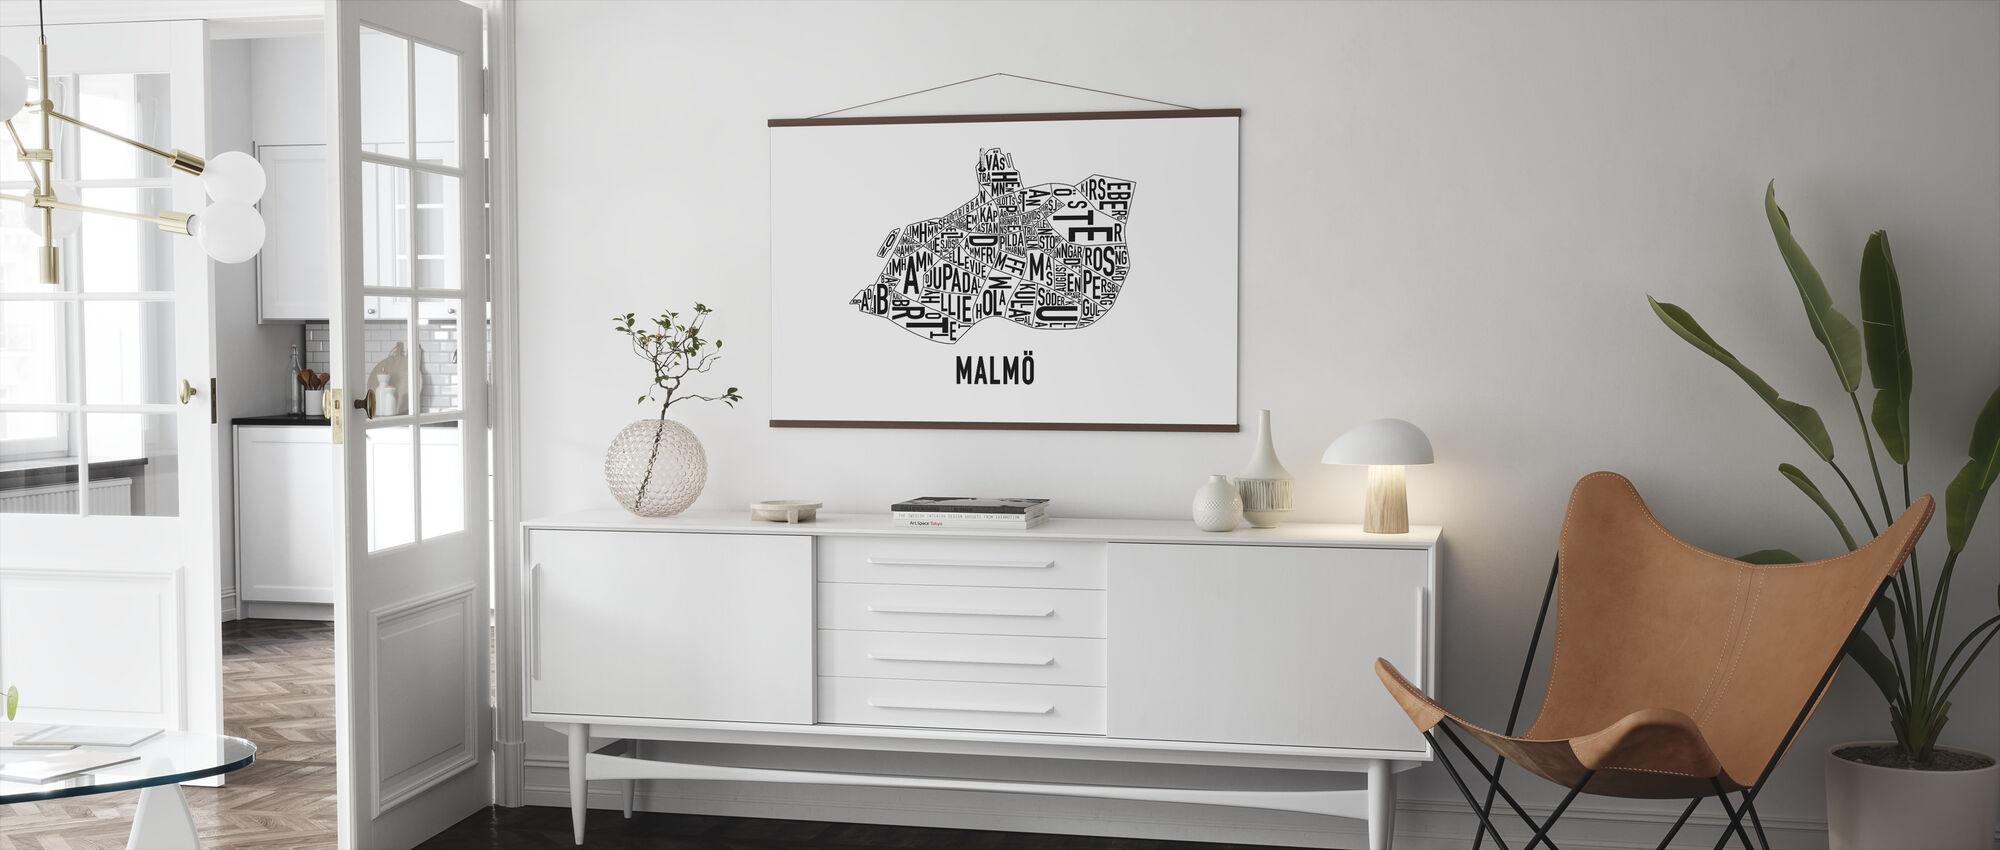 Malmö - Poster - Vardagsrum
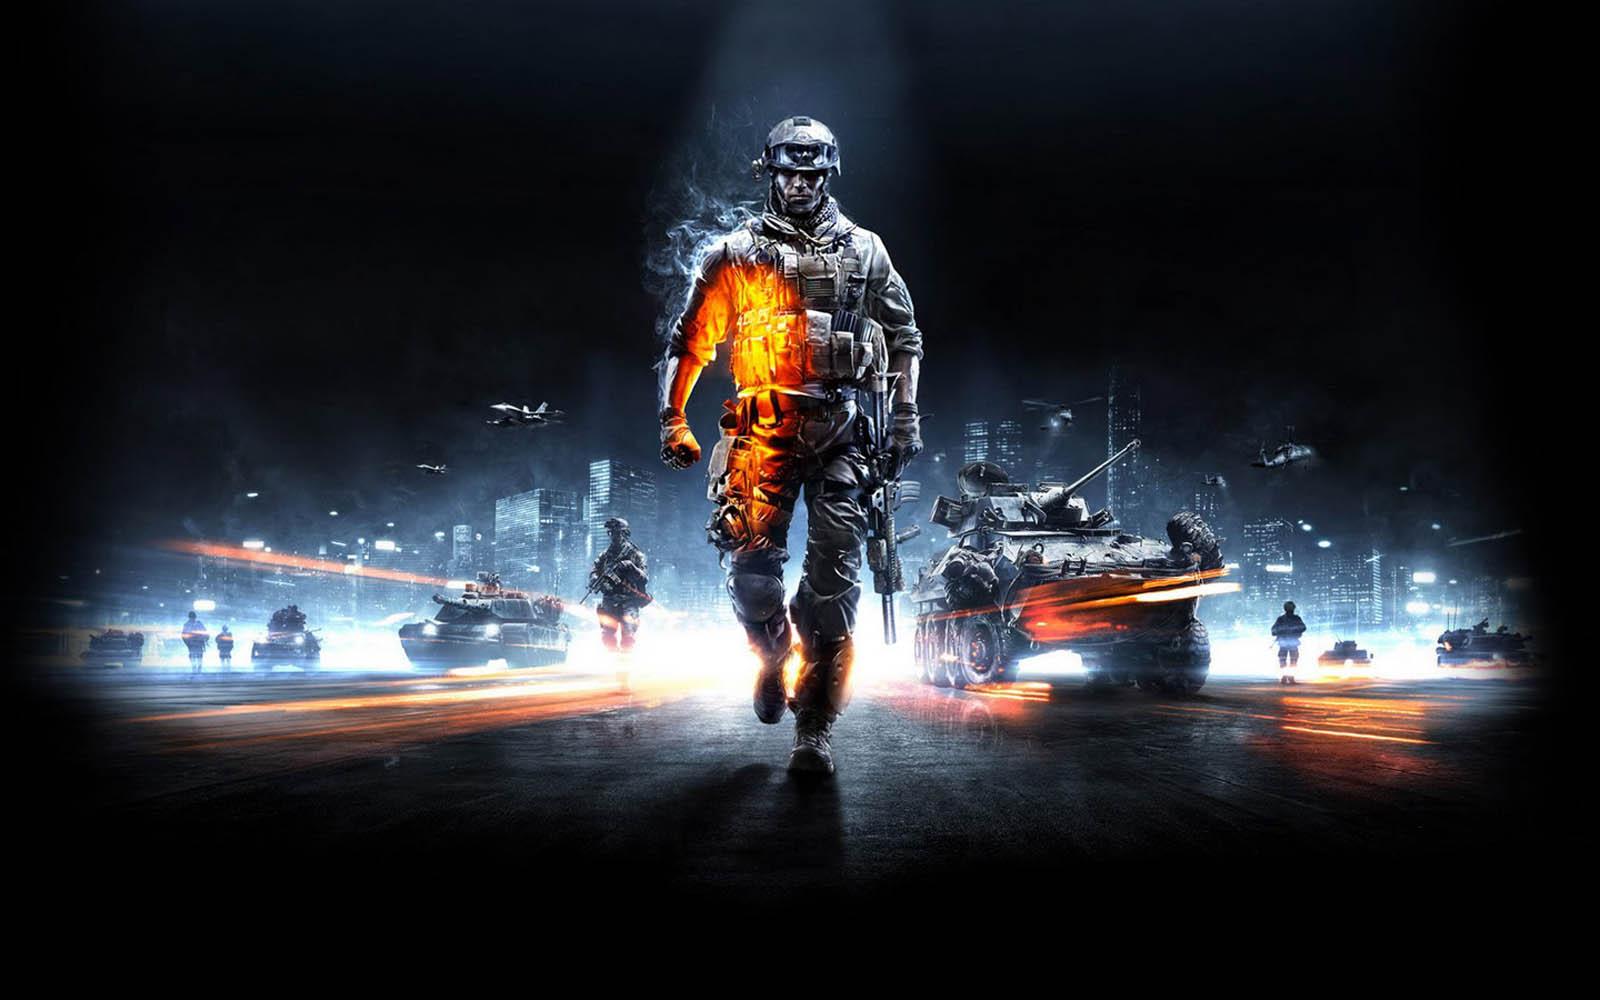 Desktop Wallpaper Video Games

==

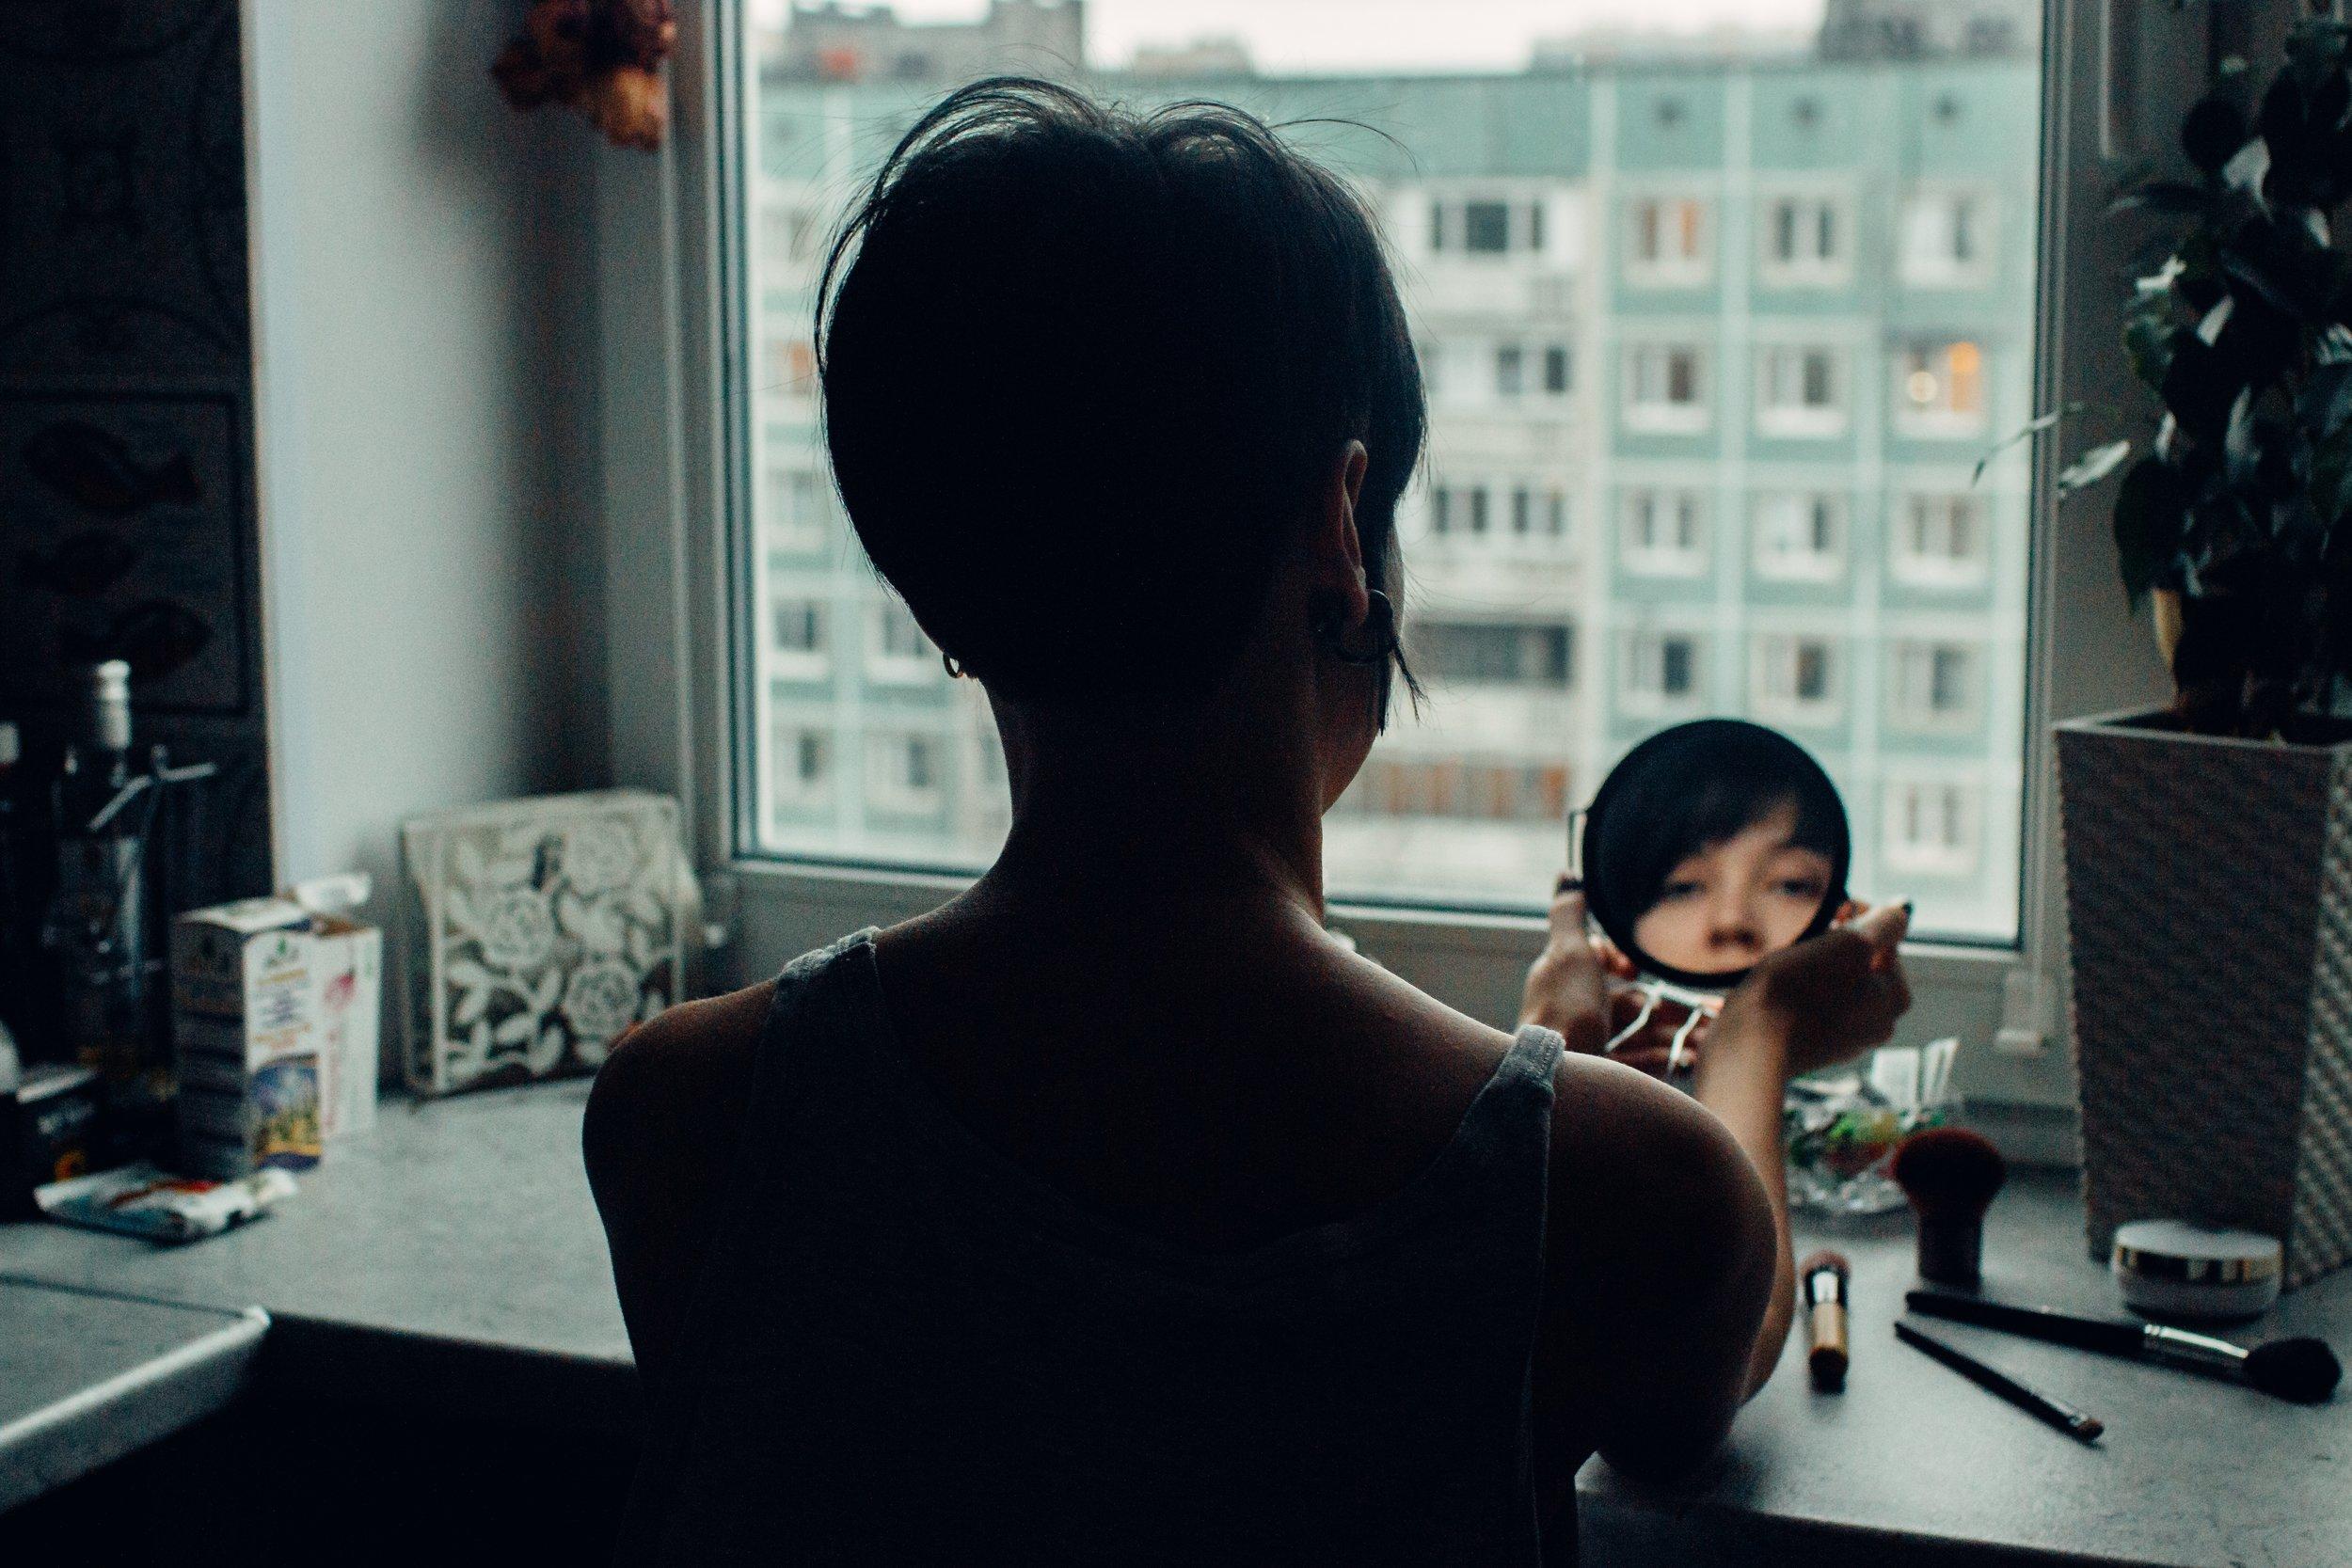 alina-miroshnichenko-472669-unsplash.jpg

...

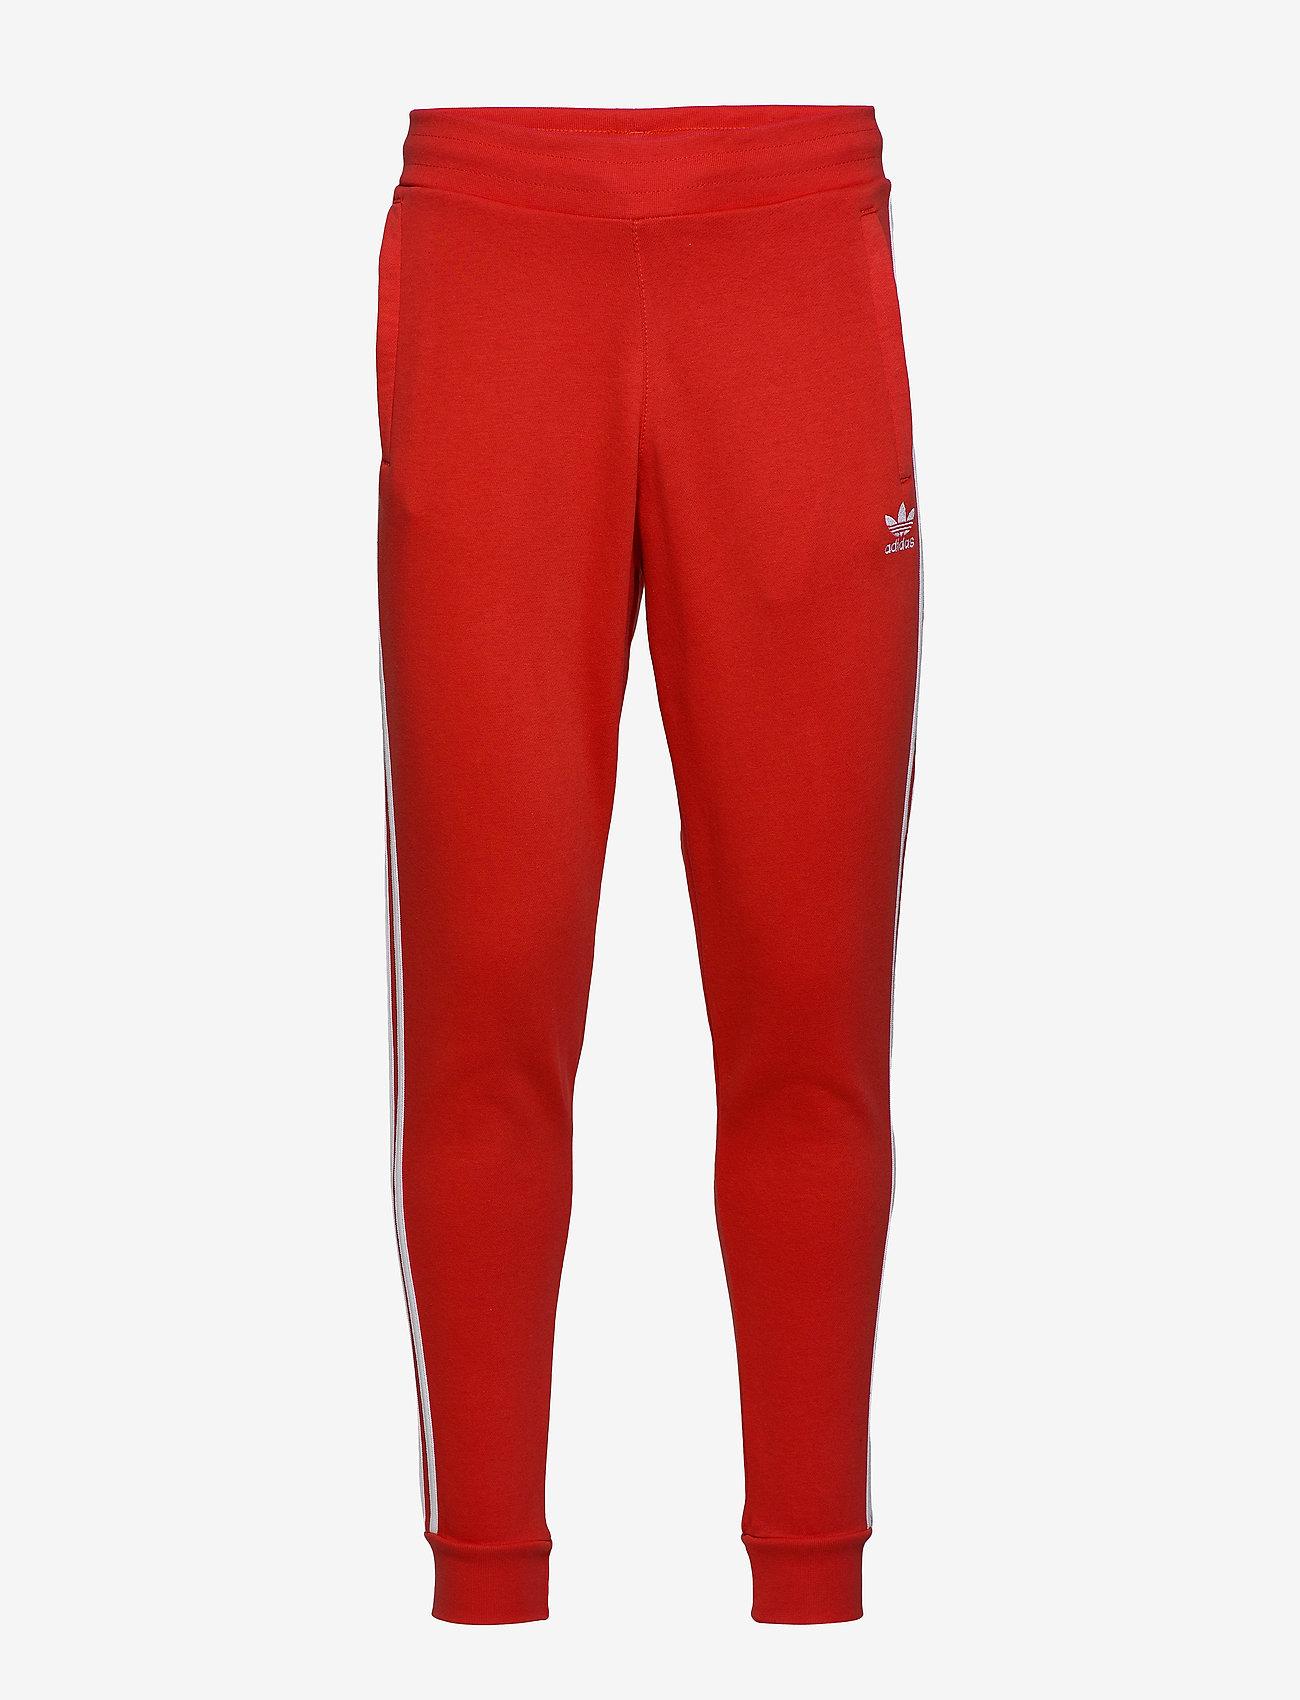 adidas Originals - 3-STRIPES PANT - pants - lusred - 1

Task item -> Within the listing above, copy exactly the lines that start at the one with "Malmö - Poster - Vardagsrum" and continue through the one with "Desktop Wallpaper Video Games". Omit pictures.

Exercise response ->
 Malmö - Poster - Vardagsrum
 Desktop Wallpaper Video Games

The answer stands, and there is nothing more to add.